In connection with the Plan, EA anticipates incurring between approximately $130 million and $150 million in total costs, of which approximately $80 million to $90 million will result in future cash expenditures. Approximately $100 million to $120 million of these charges are expected to occur during the fiscal year ending March 31, 2010. These costs will consist primarily of severance and other employee-related costs (approximately $50 million to $60 million), facility closures costs (approximately $35


million), asset impairments (approximately $25 million to $35 million), and various other reorganizational costs (approximately $20 million).

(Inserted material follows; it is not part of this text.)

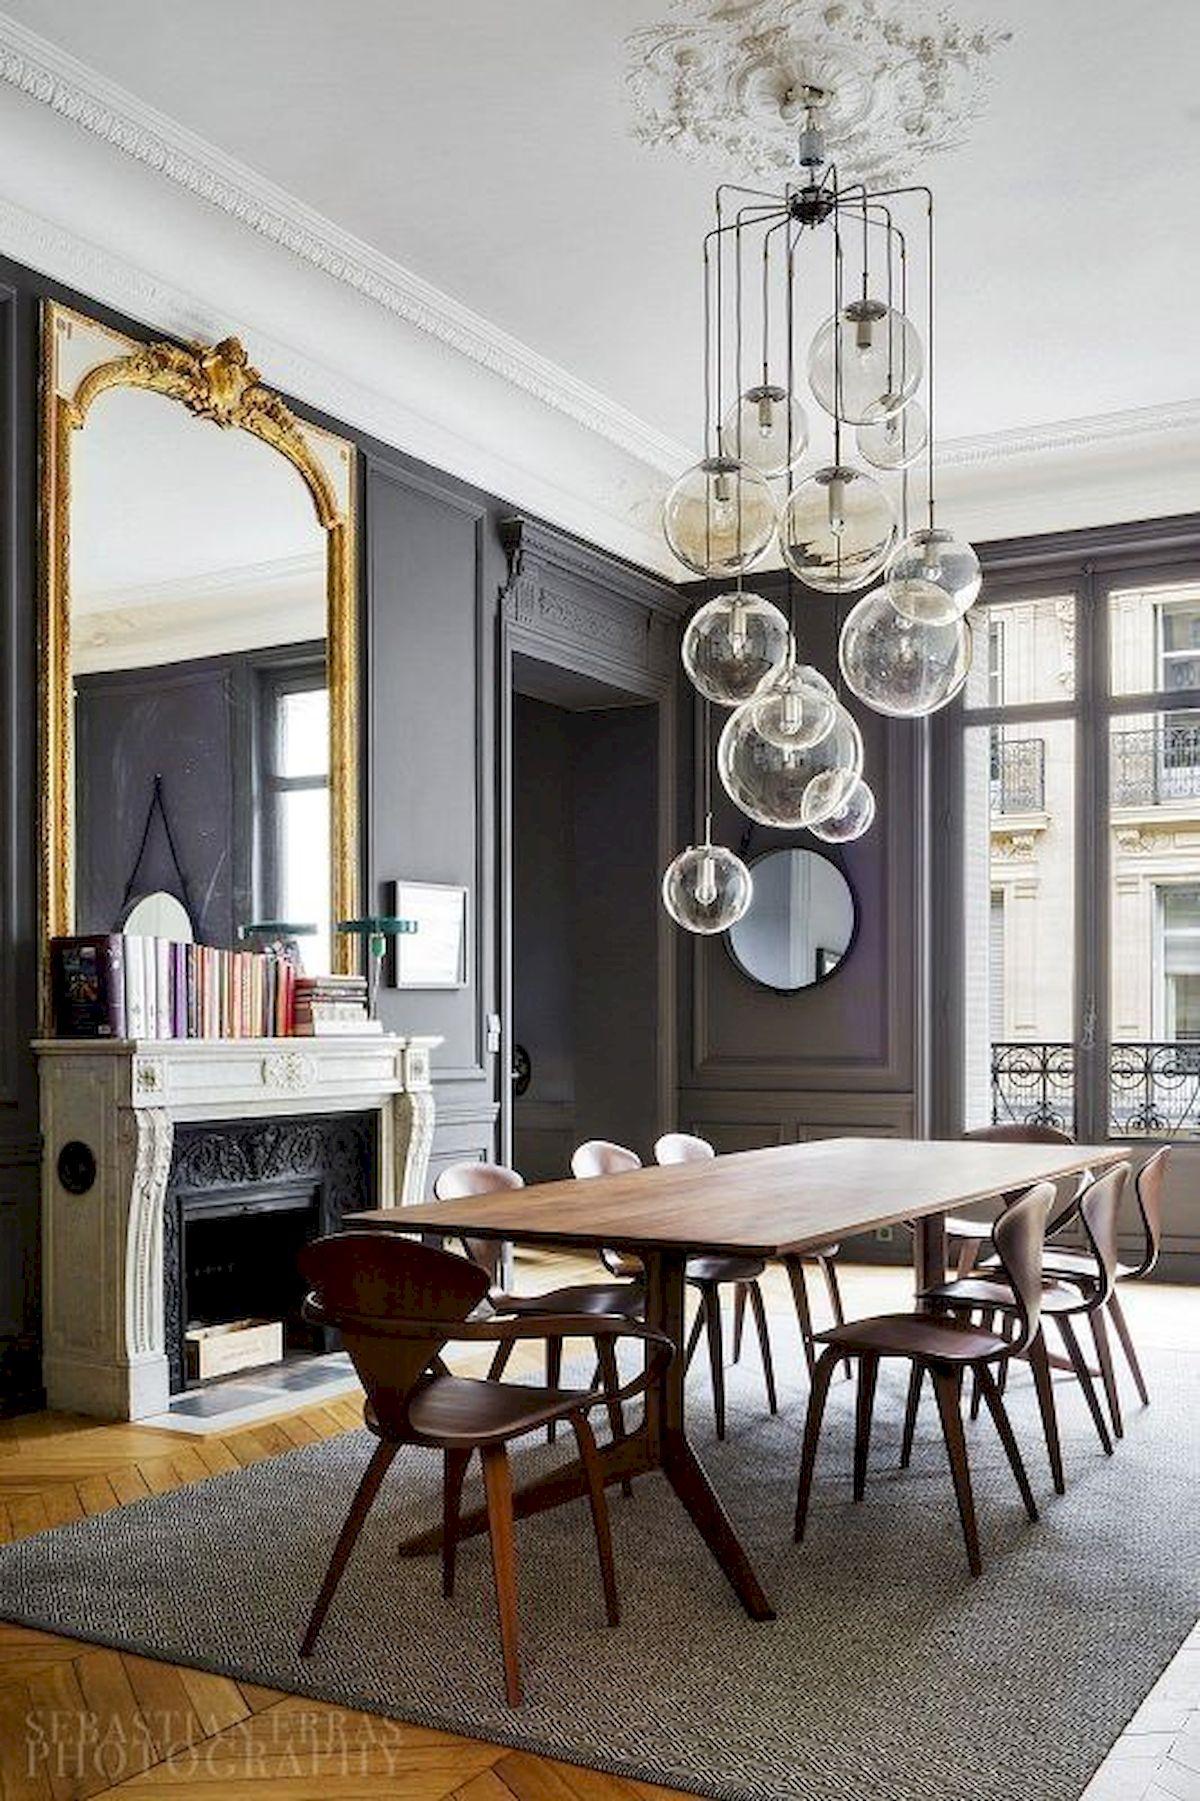 80 Elegant Modern Dining Room Design And Decor Ideas (47)
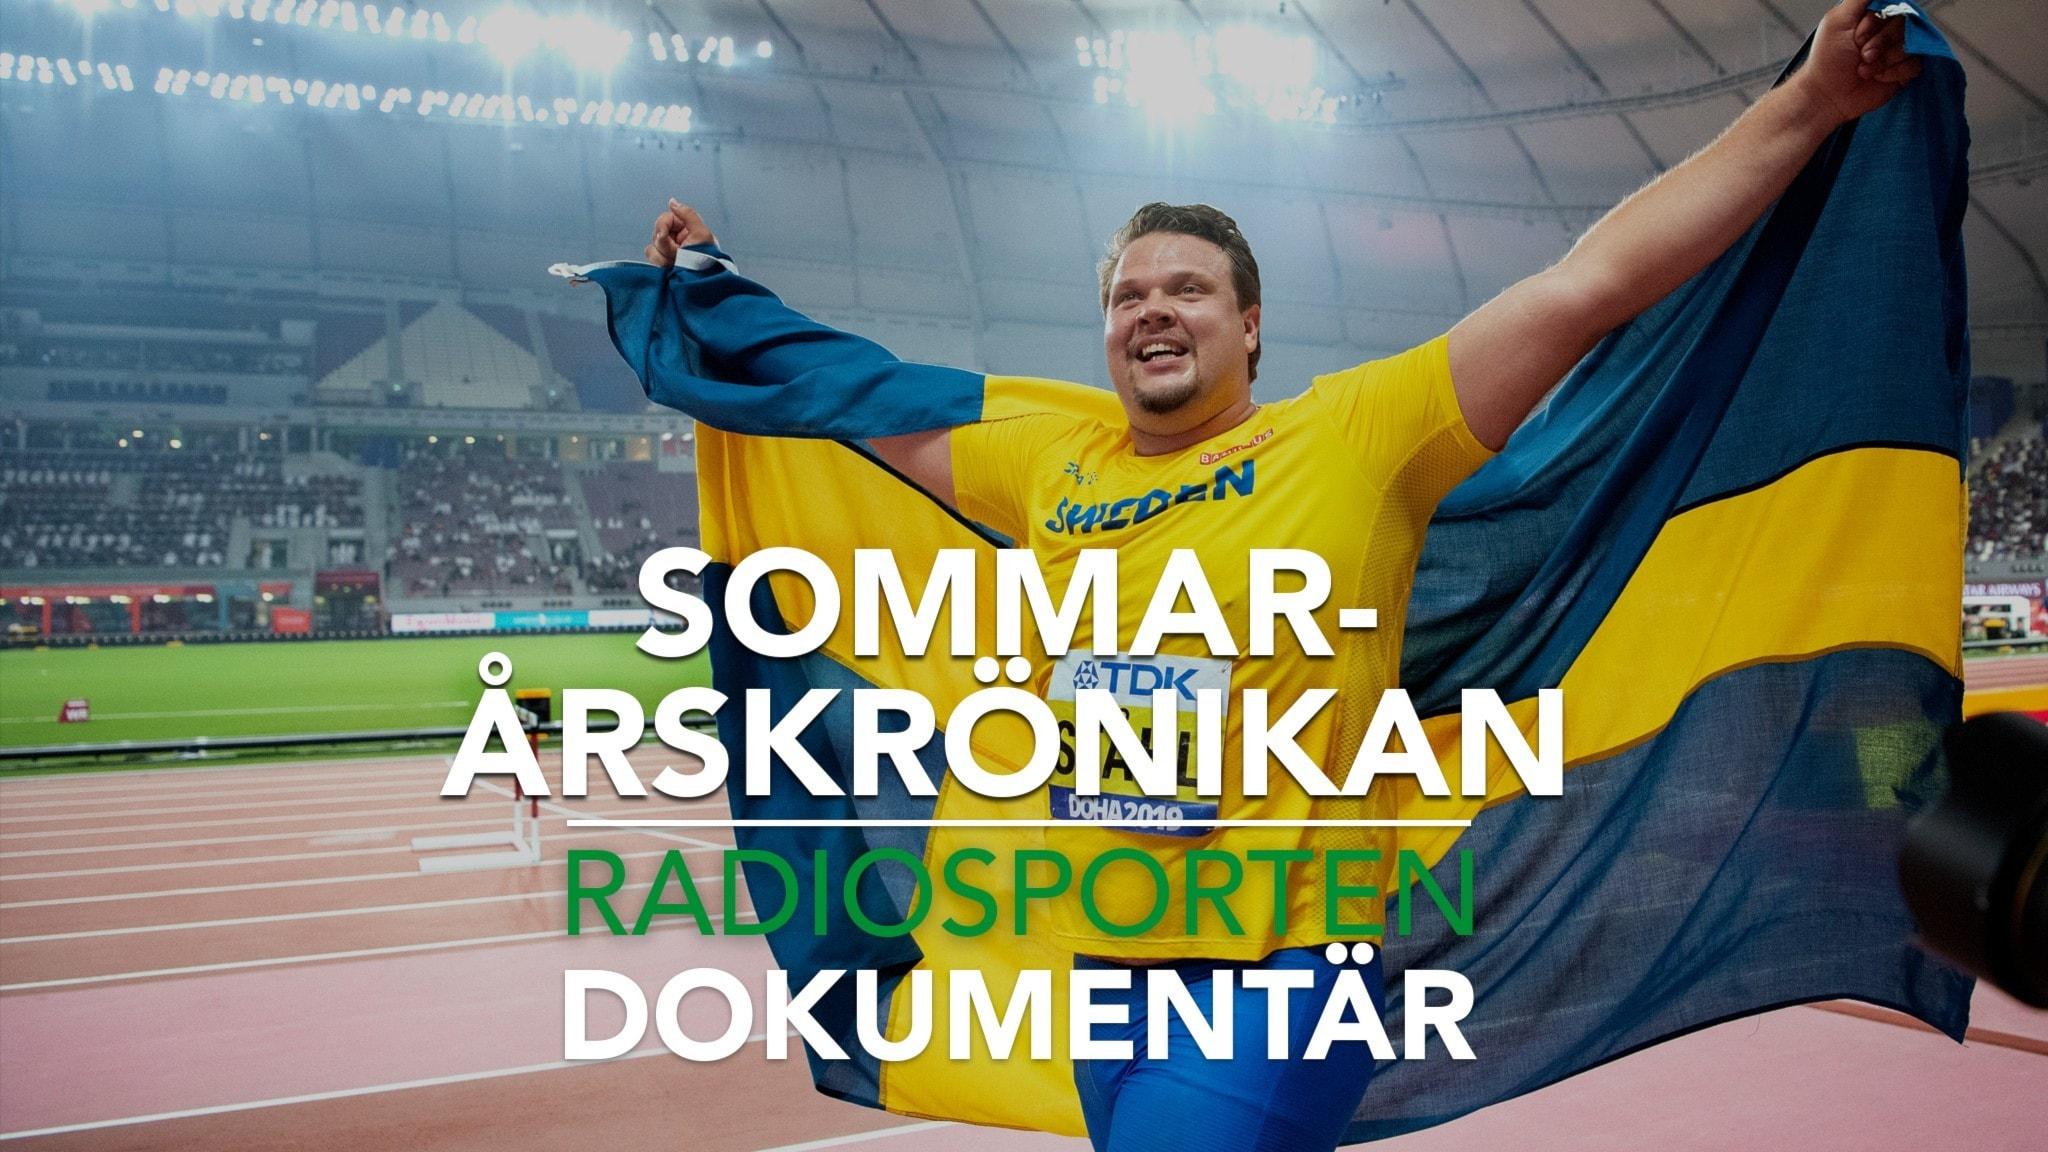 Special: Sommarårskrönikan 2019

The foregoing discussion of EA’s plan of restructuring contains forward-looking statements within the meaning of the Private Securities Litigation Reform Act of 1995. All statements, other than statements of historical fact, including statements about EA’s estimates and expectations regarding future restructuring charges, operating expenses and other costs are forward-looking. EA uses words such as “anticipate”, “believe”, “estimate”, “expect”, “intend” (and the negative of any of these terms), “future” and similar expressions to help identify forward-looking statements. These forward-looking statements are subject to business and economic risks and reflect management’s current estimates and expectations, and involve subjects that are inherently uncertain and difficult to predict. Actual results could differ materially from the expectations set forth in these forward-looking statements. EA will not necessarily update these forward-looking statements if they later turn out to be inaccurate. Risks and uncertainties that may affect EA’s future results include, but are not limited to, those discussed above, under the heading “Risk Factors” in EA’s Annual Report on Form 10-K for the fiscal year ended March 31, 2009 and Quarterly Report on Form 10-Q for the fiscal quarter ended June 30, 2009, and in other documents EA has filed with the Securities and Exchange Commission.

 

Item 7.01 Regulation FD Disclosure.

On November 9, 2009, EA issued a press release in which it announced that it had acquired all of the outstanding shares of capital stock of Playfish. A copy of the press release is attached hereto as Exhibit 99.2 Neither the information in Section 7.01 of this Current Report on Form 8-K nor the information in the press release shall be deemed “filed” for purposes of Section 18 of the Exchange Act, or incorporated by reference in any filing under the Securities Act of 1933, as amended, or the Exchange Act, except as shall be expressly set forth by specific reference in such a filing.

 

Item 9.01 Financial Statements and Exhibits.

 

(d) Exhibits.

 

Exhibit No.

  

Description

  2.1    Agreement for the Sale and Purchase of Playfish Limited, dated as of November 9, 2009.
99.1    Press release dated November 9, 2009, relating to Electronic Arts Inc.’s financial results for the fiscal quarter ended September 30, 2009.
99.2    Press release dated November 9, 2009.


SIGNATURE

Pursuant to the requirements of the Securities Exchange Act of 1934, as amended, the registrant has duly caused this report to be signed on its behalf by the undersigned hereunto duly authorized.

 

  ELECTRONIC ARTS INC.
Dated: November 9, 2009   By:  

/s/ Eric F. Brown

    Eric F. Brown
    Executive Vice President,
    Chief Financial Officer


INDEX TO EXHIBITS

 

Exhibit No.

  

Description

  2.1    Agreement for the Sale and Purchase of Playfish Limited, dated as of November 9, 2009.
99.1    Press release dated November 9, 2009, relating to Electronic Arts Inc.’s financial results for the fiscal quarter ended September 30, 2009.
99.2    Press release dated November 9, 2009.